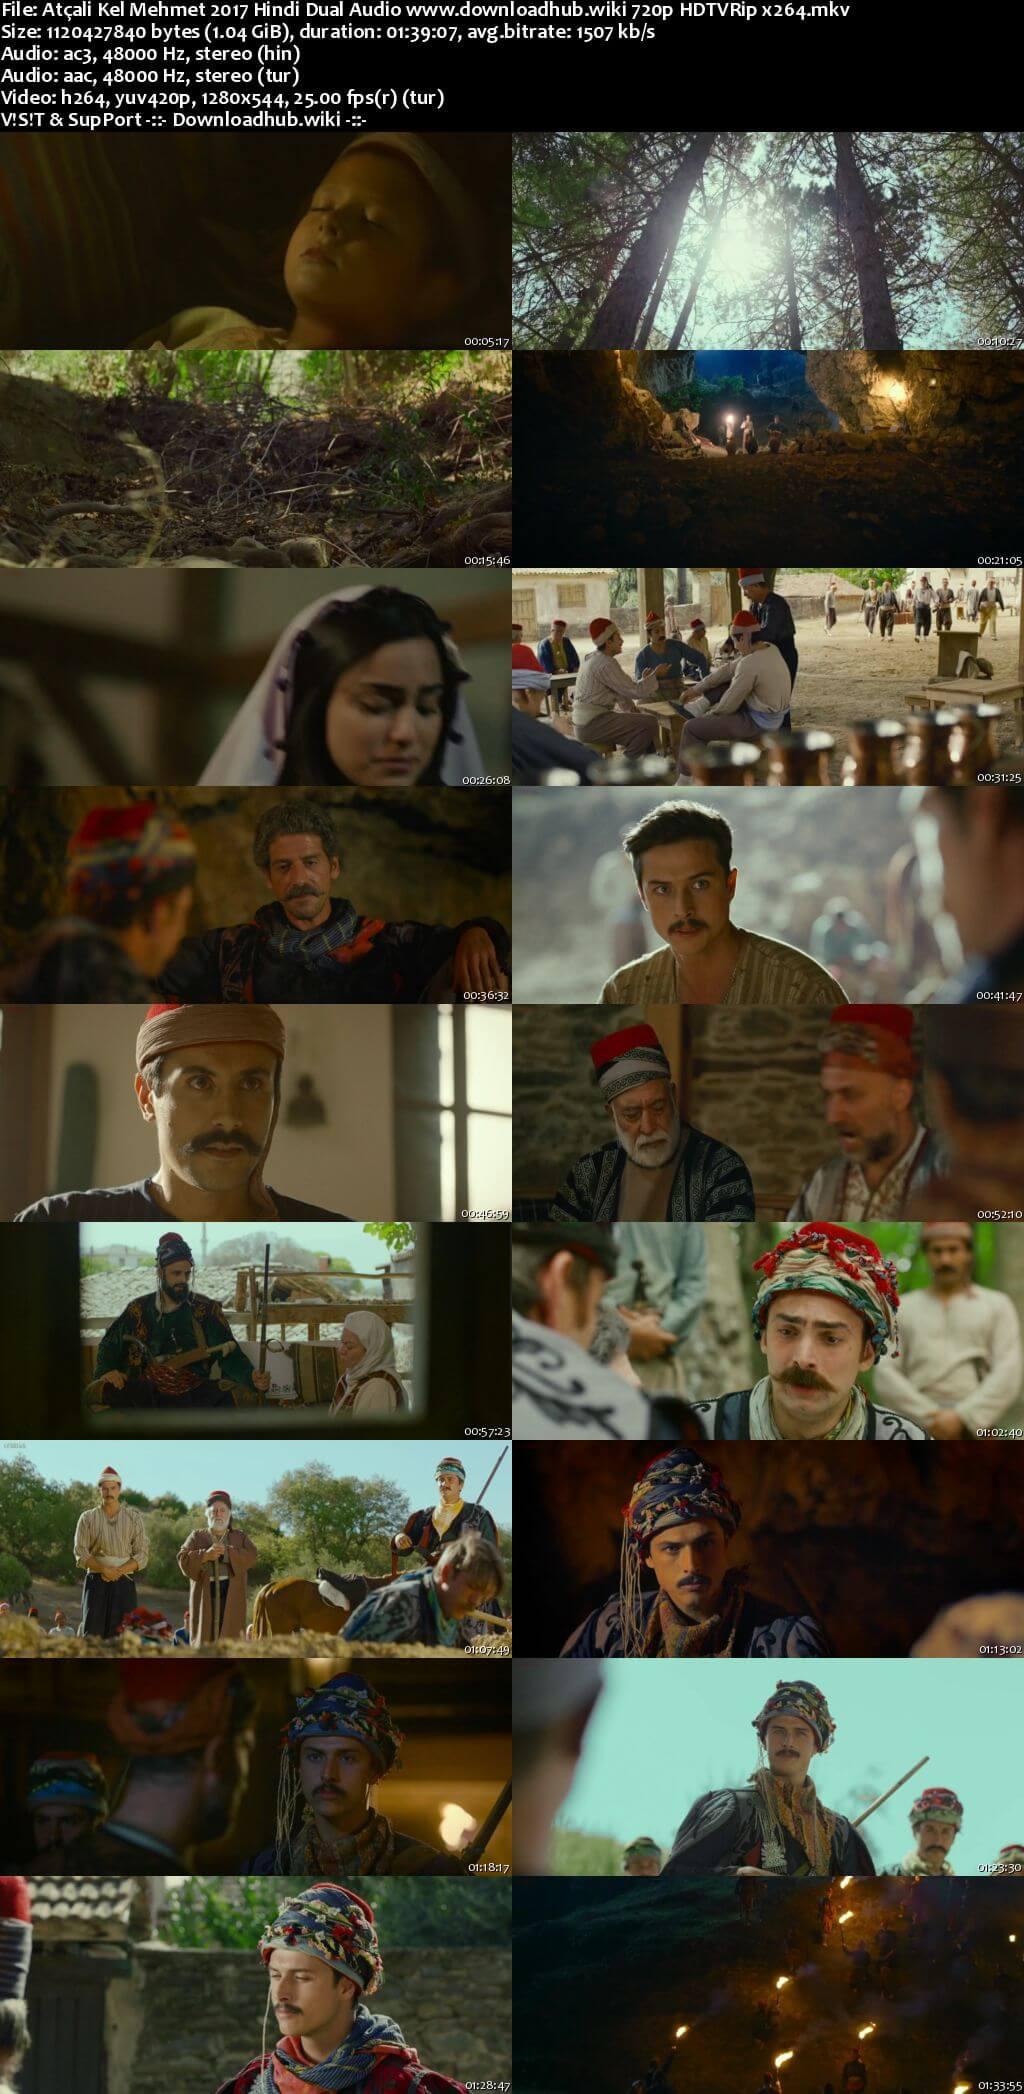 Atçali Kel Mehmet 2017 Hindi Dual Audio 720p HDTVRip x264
--
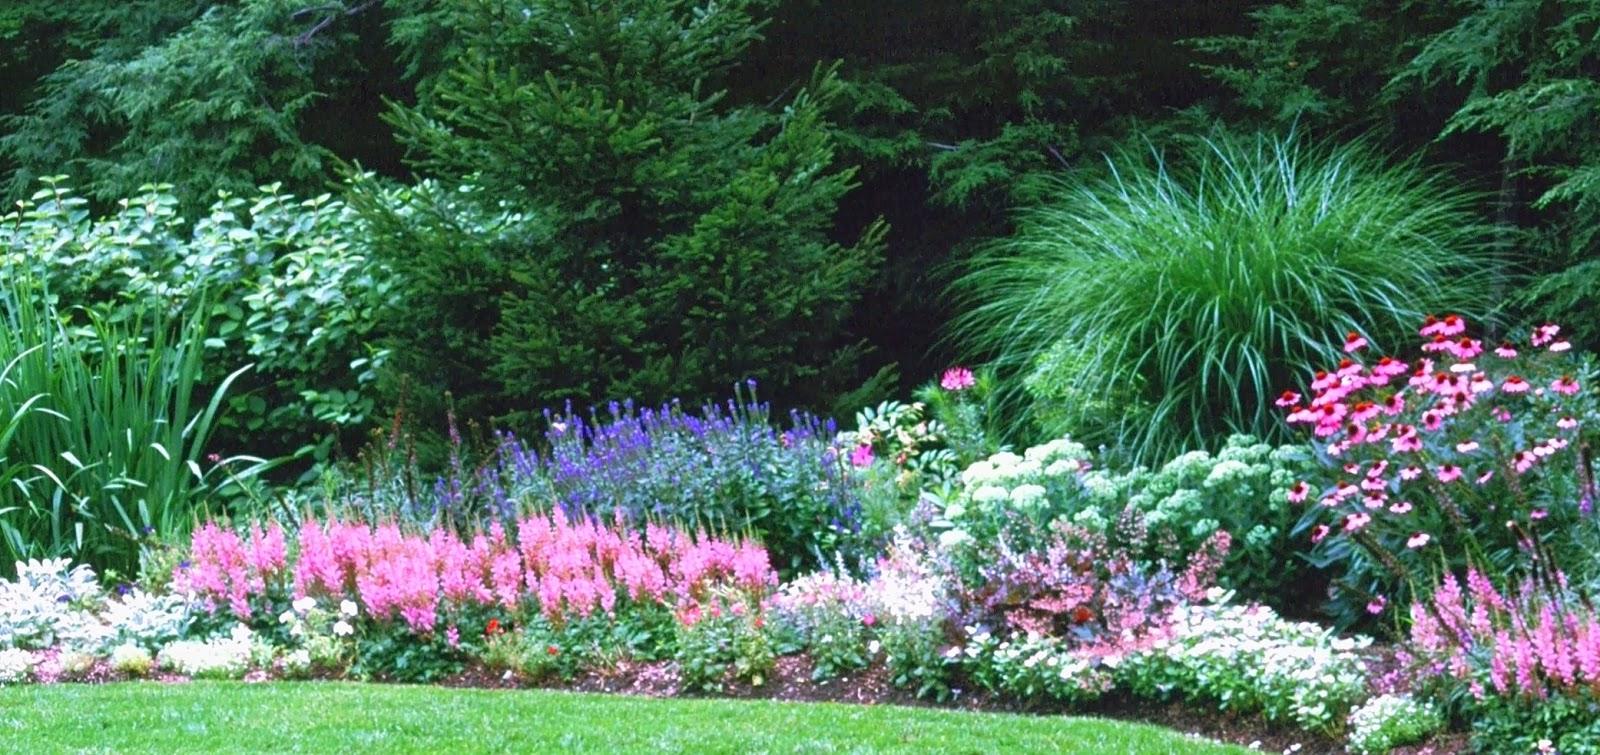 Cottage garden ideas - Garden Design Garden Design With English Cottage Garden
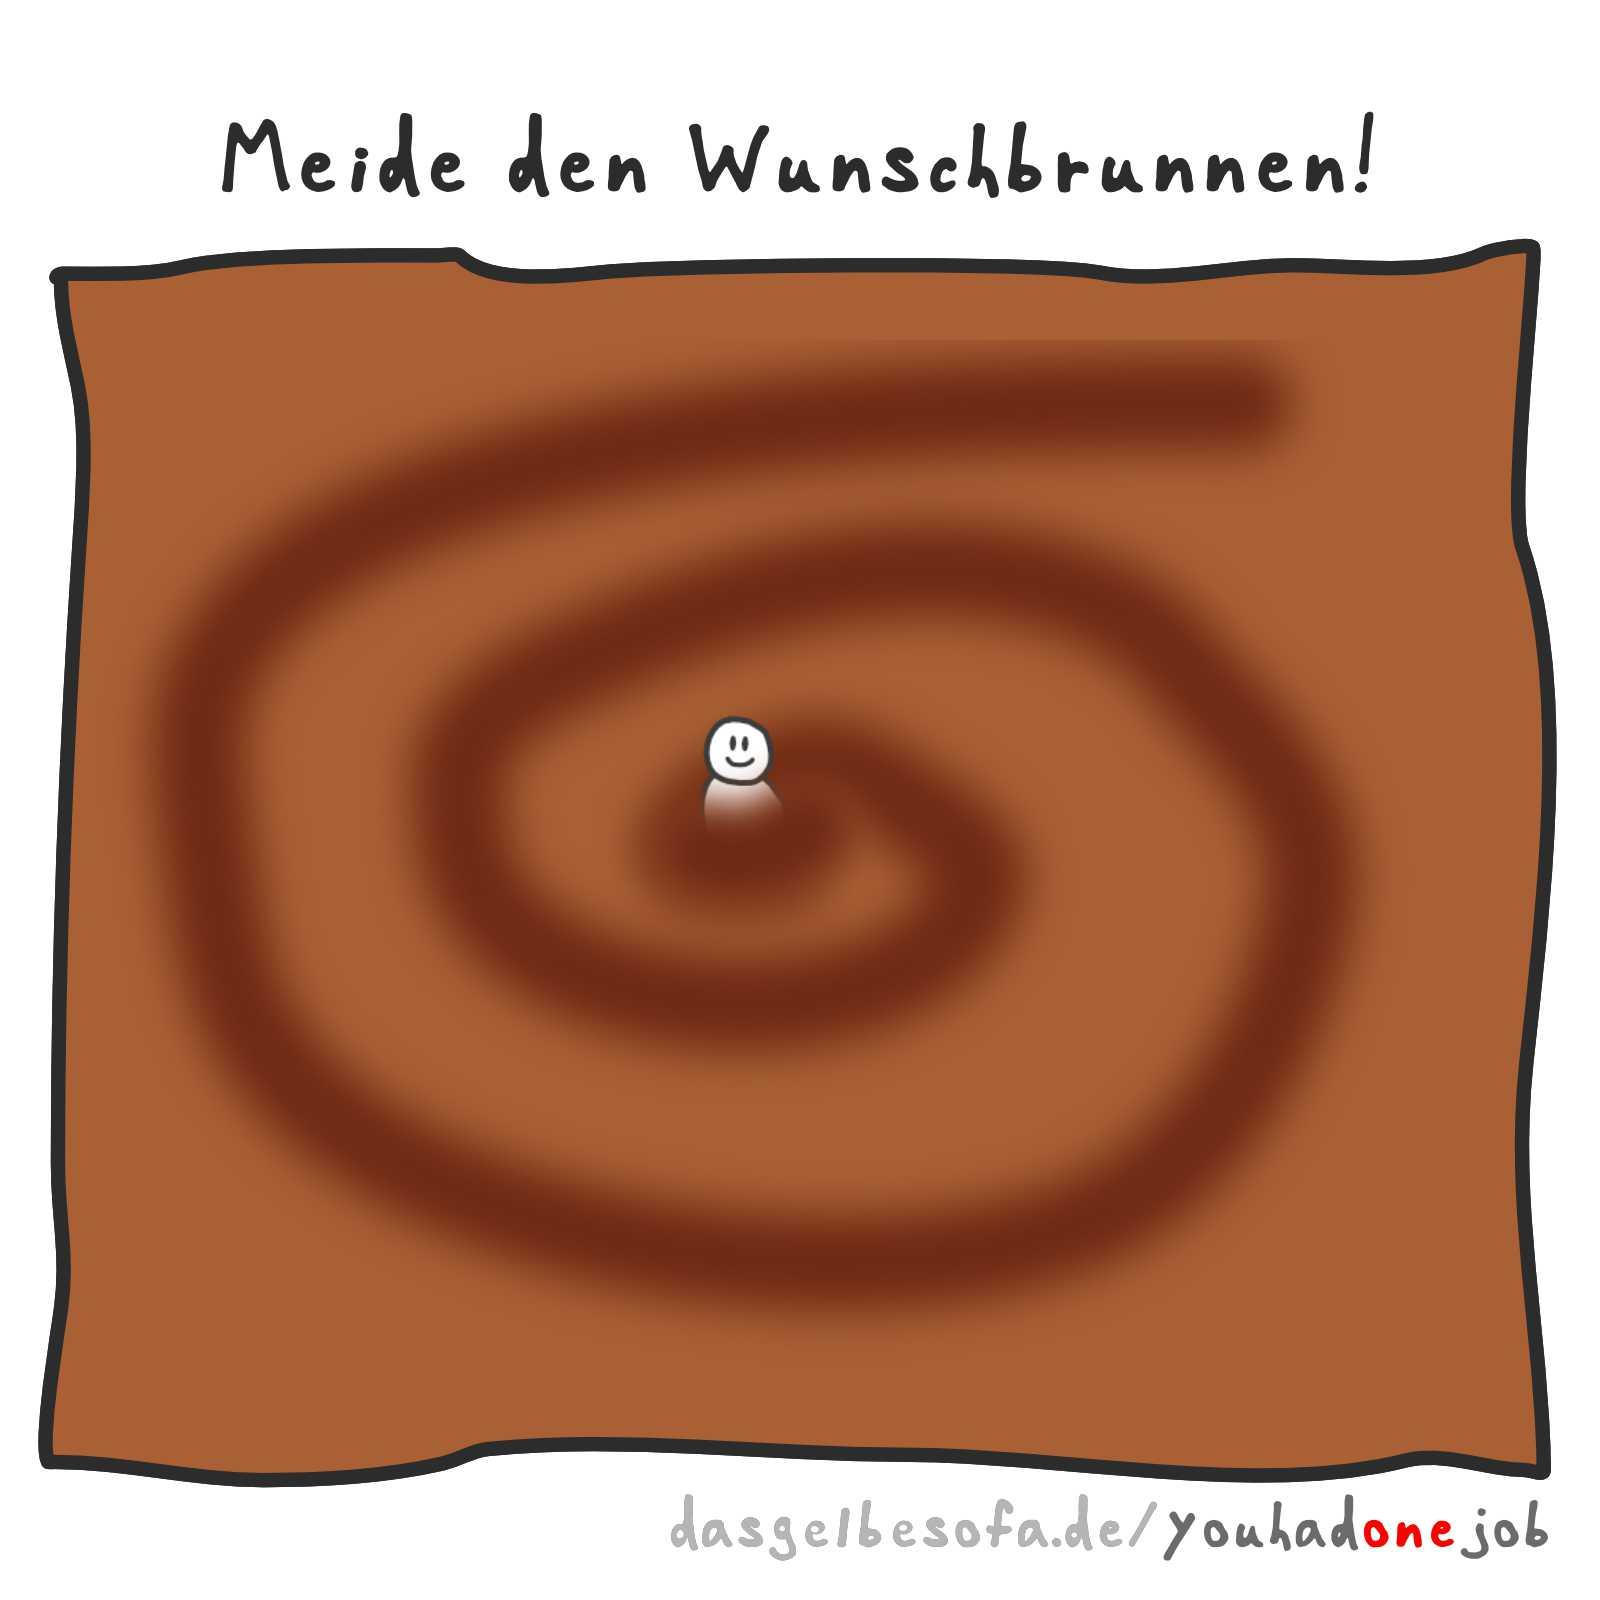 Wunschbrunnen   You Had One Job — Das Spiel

About this exercise: Would you transcribe the lines above exactly, going from the line bearing "Cottage garden ideas" through the line bearing "Job — Das Spiel", and drop the pictures from the copy?

Exercise answer:
 Cottage garden ideas - Garden Design Garden Design With English Cottage Garden
 Wunschbrunnen   You Had One Job — Das Spiel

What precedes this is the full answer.